LBJ prodded the 89th Congress, which was seated from January 1965 to January 1967, to churn out nearly 200 major bills. It is regarded by many as the most productive legislative body in American history – and the starkest contrast imaginable to the Capitol Hill paralysis of today.

Mixed results

In the space of a few years came an avalanche of new laws, many of which were part of LBJ’s War on Poverty: Civil rights protections. Medicare and Medicaid. Food stamps. Urban renewal. The first broad federal investment in elementary and high school education. Head Start and college aid. An end to what was essentially a whites-only immigration policy. Landmark consumer safety and environmental regulations. Funding that gave voice to community action groups.
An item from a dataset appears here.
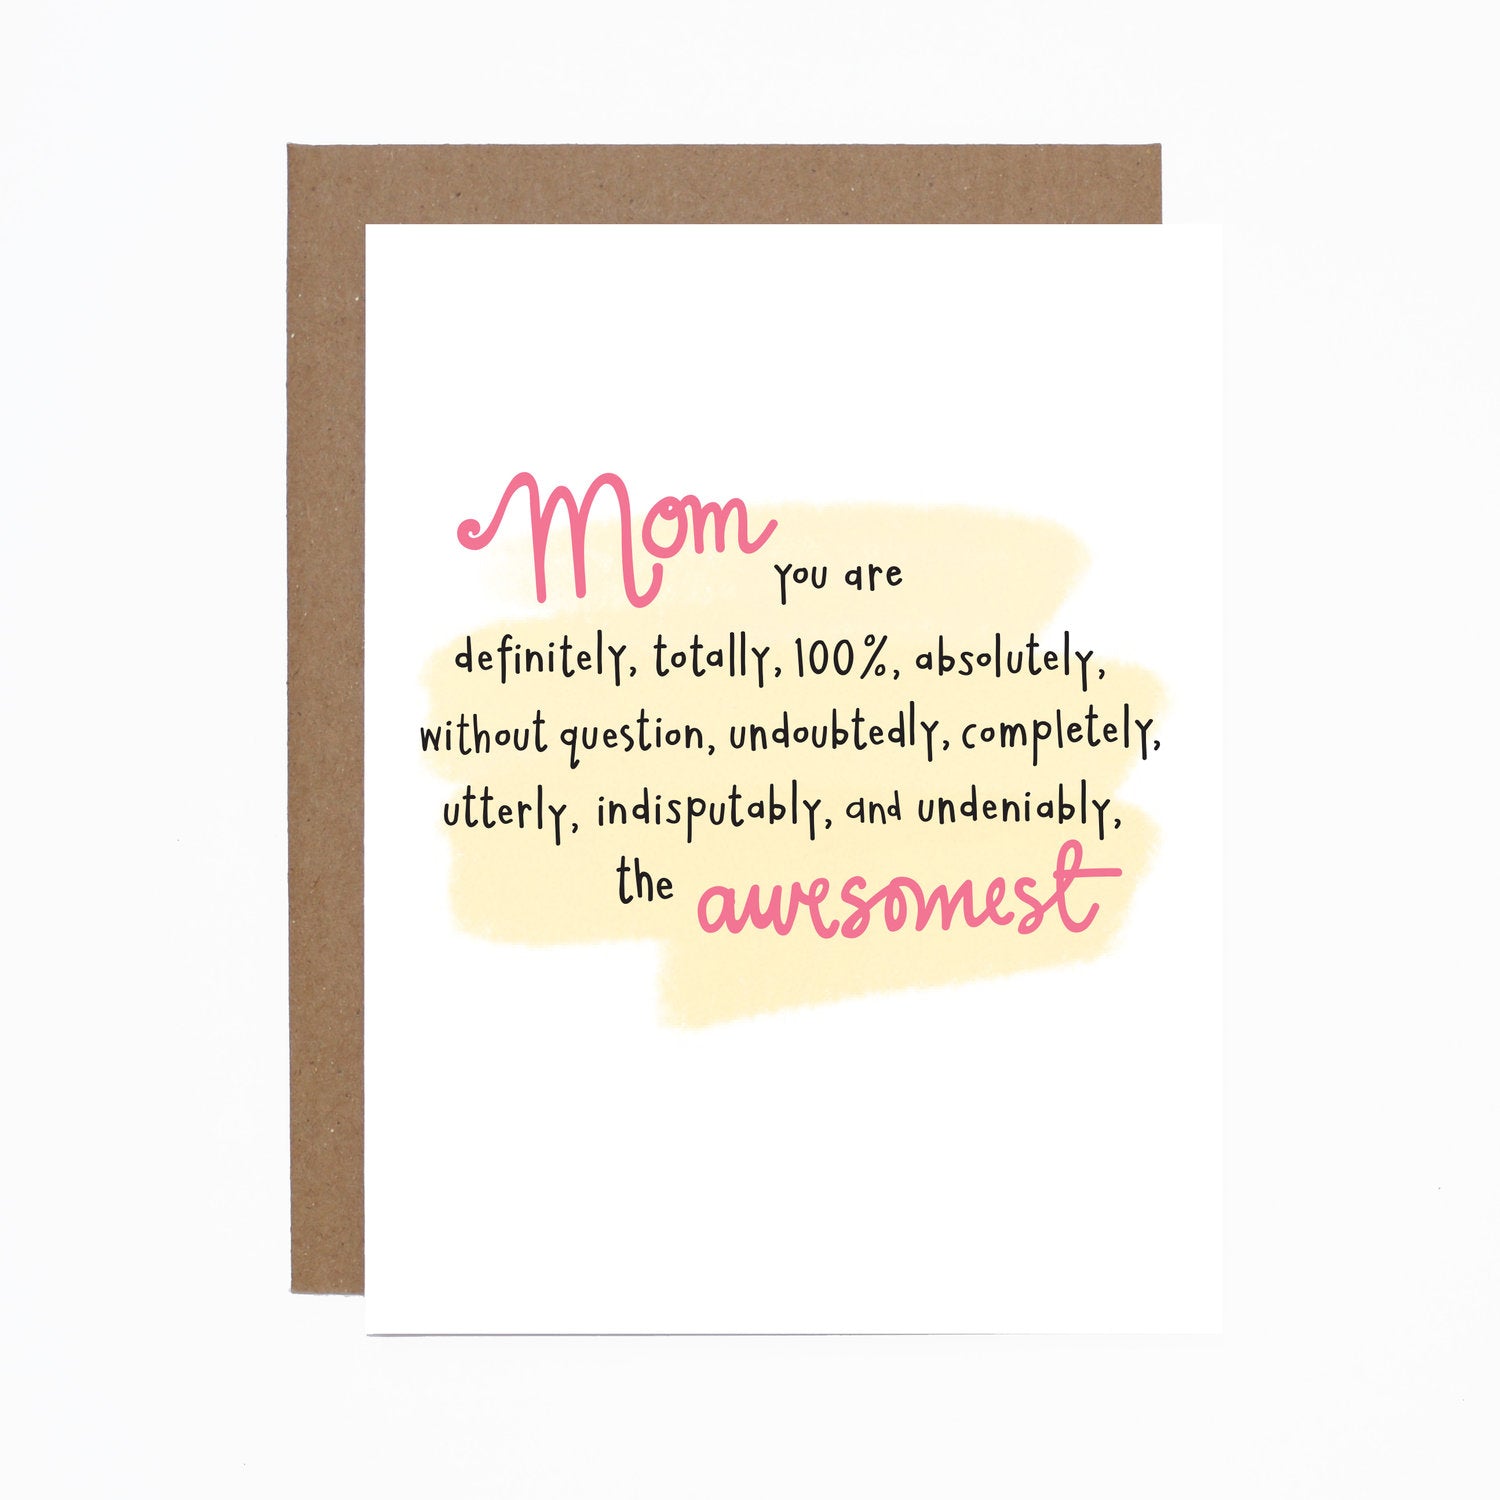 Mother's Day (awesomest) card

Before the 1965 passage of the Voting Rights Act, which sought to bring blacks to the polls, there were believed to be about 300 African-American elected officials in this country. By 1970, there were 1,469. As of 2011, there were more than 10,500, according to the Joint Center for Political and Economic Studies.

One of them sits in the Oval Office.

Critics said some of the Great Society programs perpetuated the problems they aimed to solve, stirred social discontent and worked mostly to the benefit of the massive bureaucracies they created.

Enormous sums were spent on ideas that had never been tested outside of social-science theory, and some proved unworkable in the real world.

The Model Cities program, for instance, was shut down in 1974. Dick Lee, the slum-clearing mayor of New Haven, Connecticut, who had overseen one of the most ambitious of the federally financed initiatives, once said, “If New Haven is a model city, God help America’s cities.”

The Office of Economic Opportunity, which ran the War on Poverty, was abolished in 1981. “We were coming up with programs so fast, even Johnson could barely remember what he proposed,” Goodwin said.

LBJ was elected in 1964 with what was then the biggest landslide in U.S. history. Just two years later in the midterm contests, his party lost three seats in the Senate, 47 in the House and eight governorships. Republicans would win five of the next six presidential elections.

Among those presidents was Ronald Reagan, who memorably said that the United States had waged a war on poverty and poverty won.

Reagan wrote in his diary on Jan. 28, 1982: “The press is dying to paint me as now trying to undo the New Deal. I remind them I voted for F.D.R. 4 times. I’m trying to undo the ‘Great Society.’ It was L.B.J.’s war on poverty that led to our present mess.”

The irony, of course, is that while Reagan and other presidents tried to eradicate Great Society programs, nearly all survived in some form, and spending on them continued to rise.

The federal government has grown even larger – more than five times as big as it was in 1960, in real dollars – while public faith in it stands near all-time lows.

“That’s the paradox of the Great Society,” said Peter Berkowitz, a senior fellow at Stanford University’s conservative Hoover Institution. “It has never been more entrenched.”